| Source data |
Start of Block

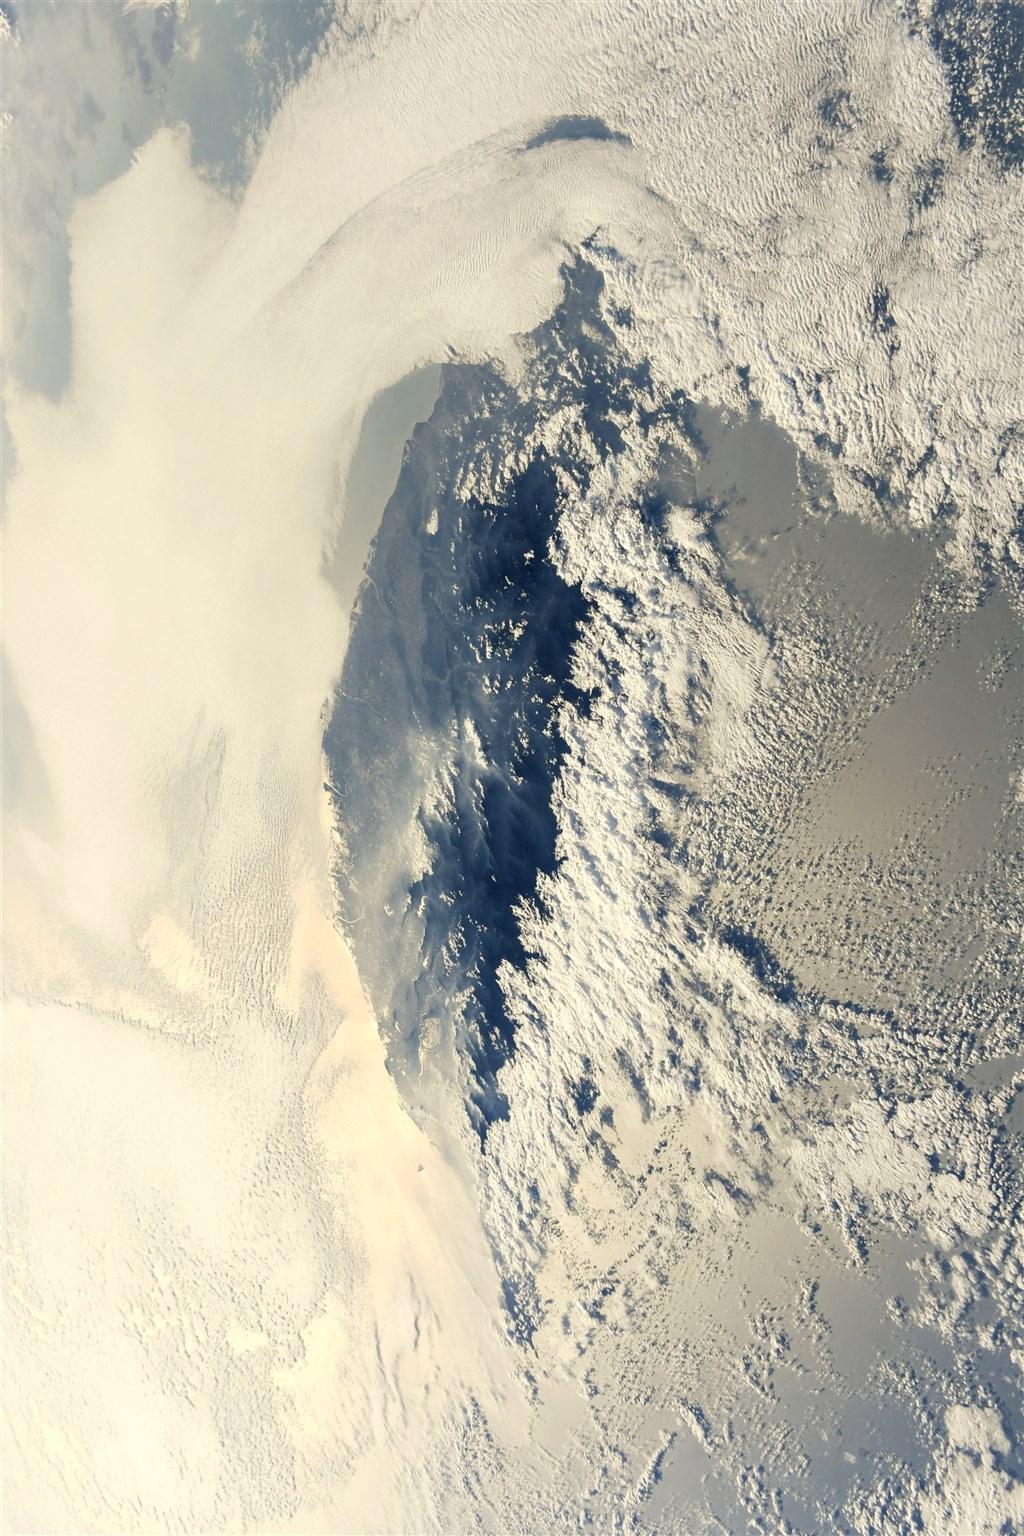 日籍太空人野口聰一23日推文,附上一張從國際太空站拍下的台灣被雲海包圍的夕照,二度空拍台灣。(圖取自twitter.com/Astro_Soichi)
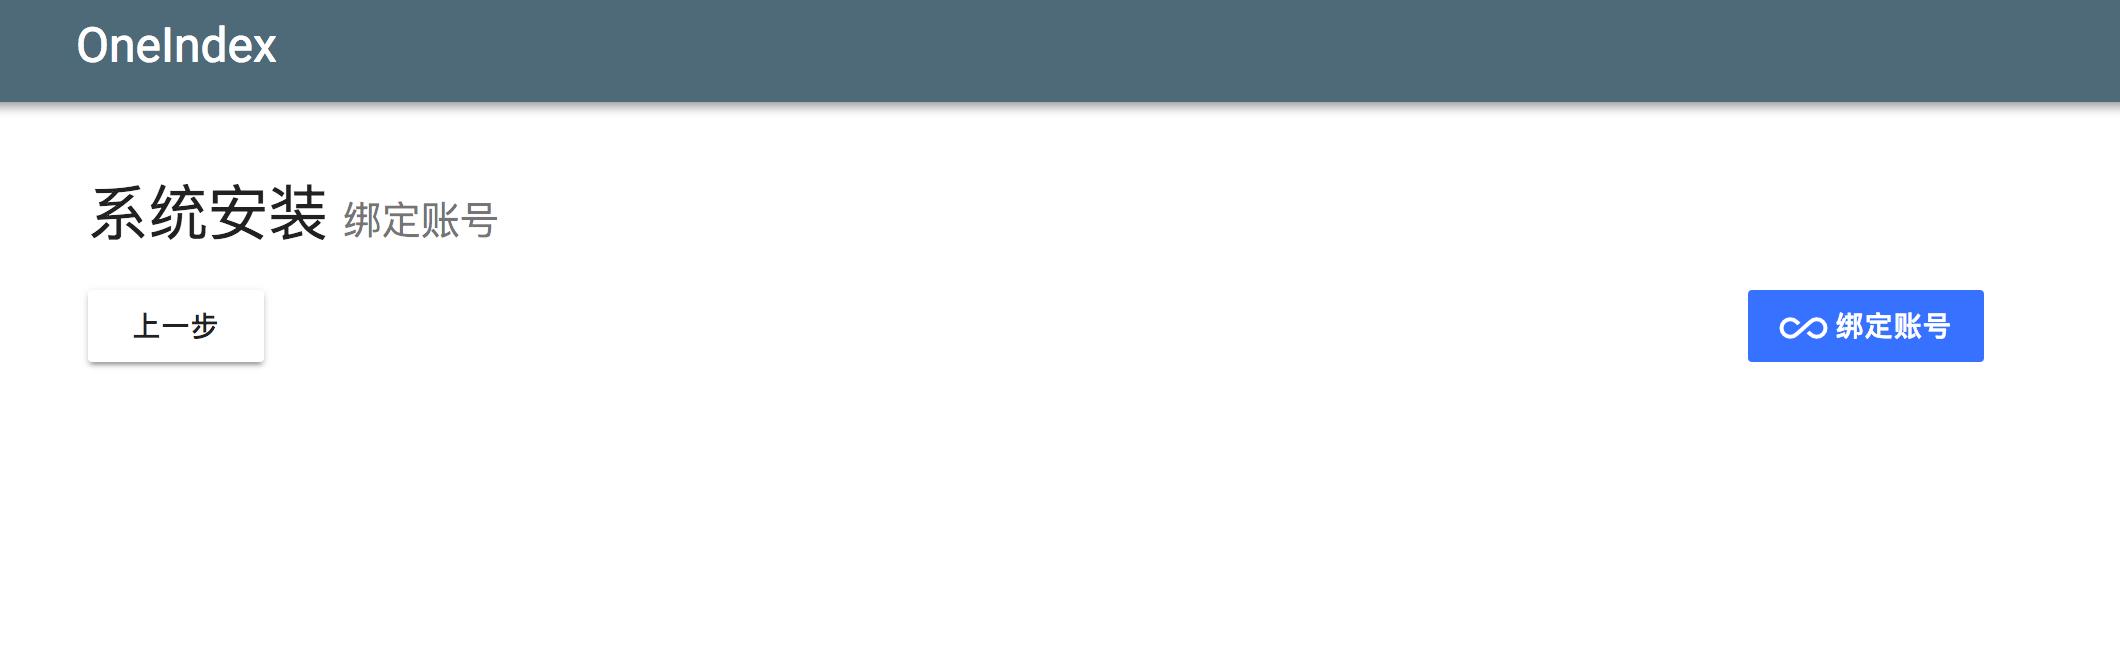 《OneIndex-搭建私人网盘分享页》
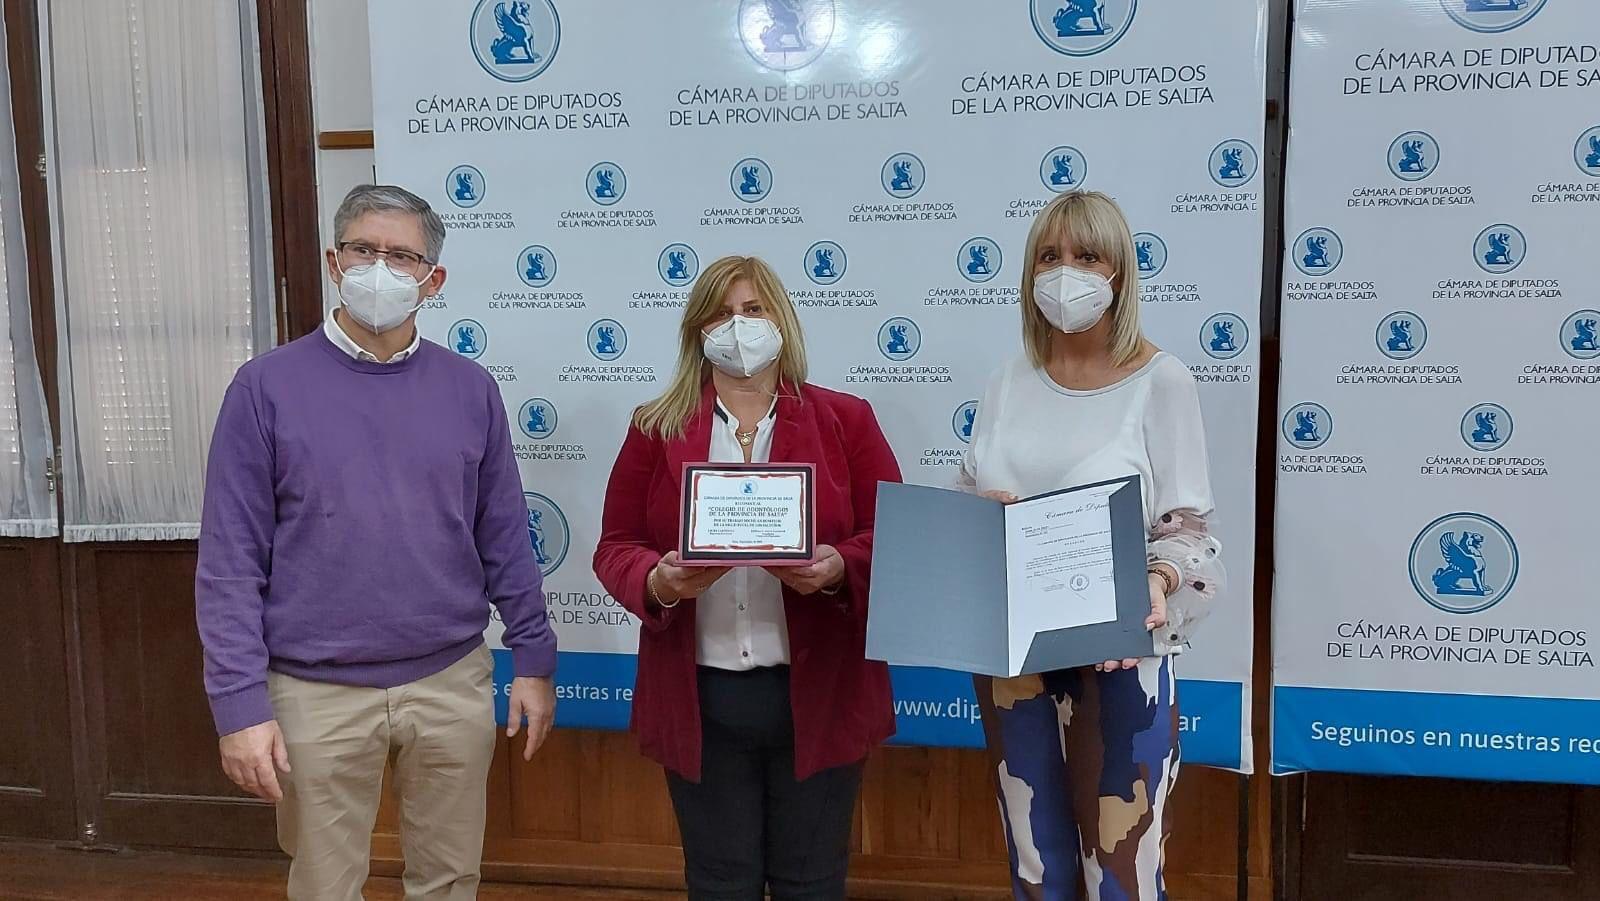 Paola Corai reconocida en Cámara de Diputados de Salta
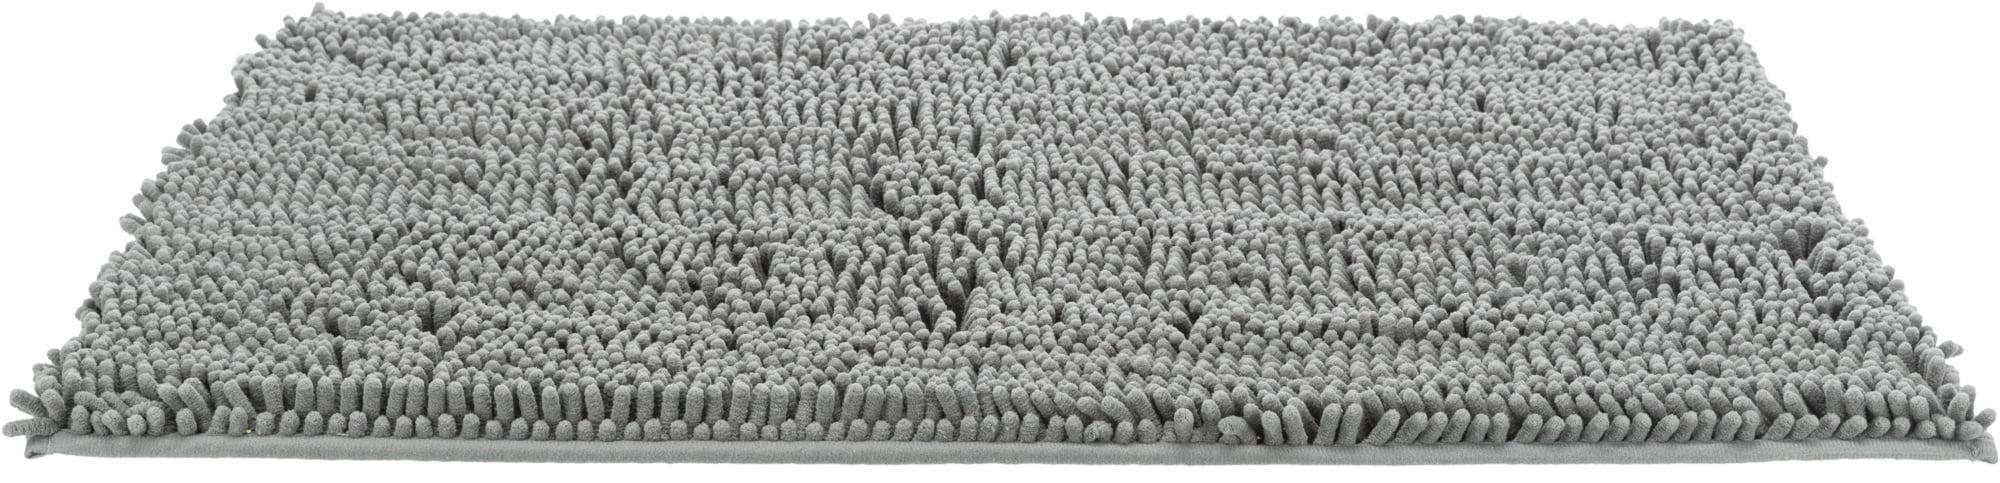 Trixie Schoonloopmat, 120 x 80 cm, grijs
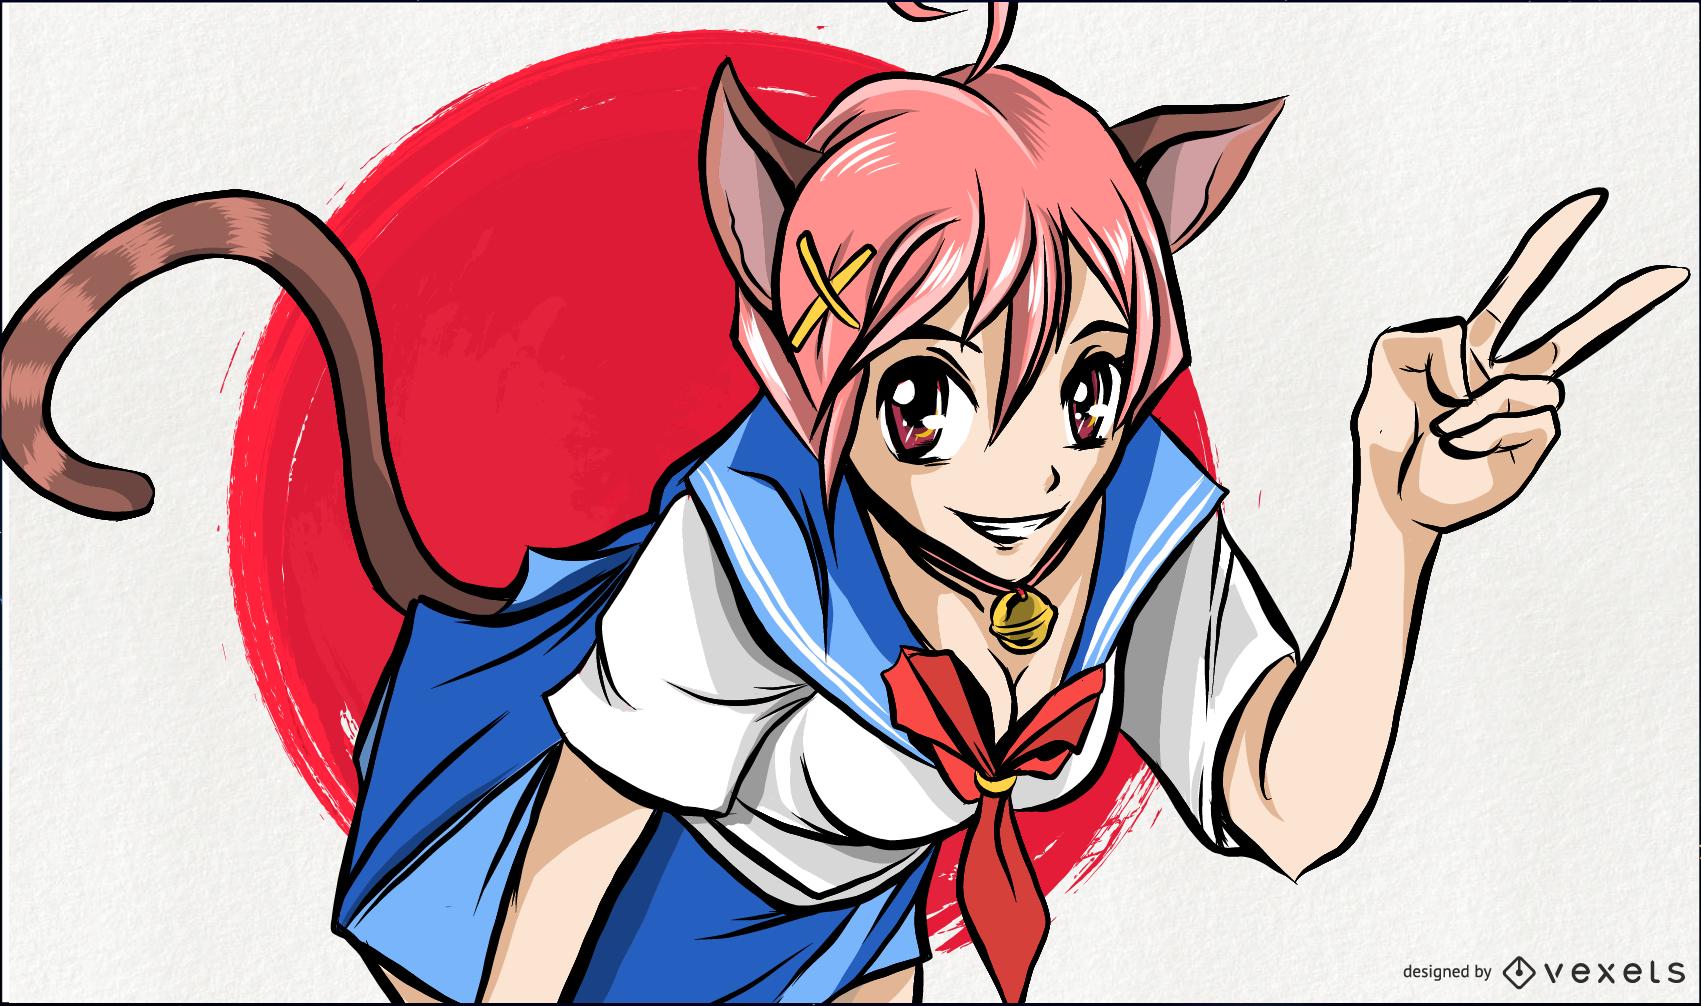 Anime Cat Girl Illustration

End of Block

| What you should do |
Every entry above should be returned exactly, with no images included.

| Answer for the task |
 日籍太空人野口聰一23日推文,附上一張從國際太空站拍下的台灣被雲海包圍的夕照,二度空拍台灣。(圖取自twitter.com/Astro_Soichi)
 《OneIndex-搭建私人网盘分享页》
 Paola Corai reconocida en Cámara de Diputados de Salta
 Trixie Schoonloopmat, 120 x 80 cm, grijs
 Anime Cat Girl Illustration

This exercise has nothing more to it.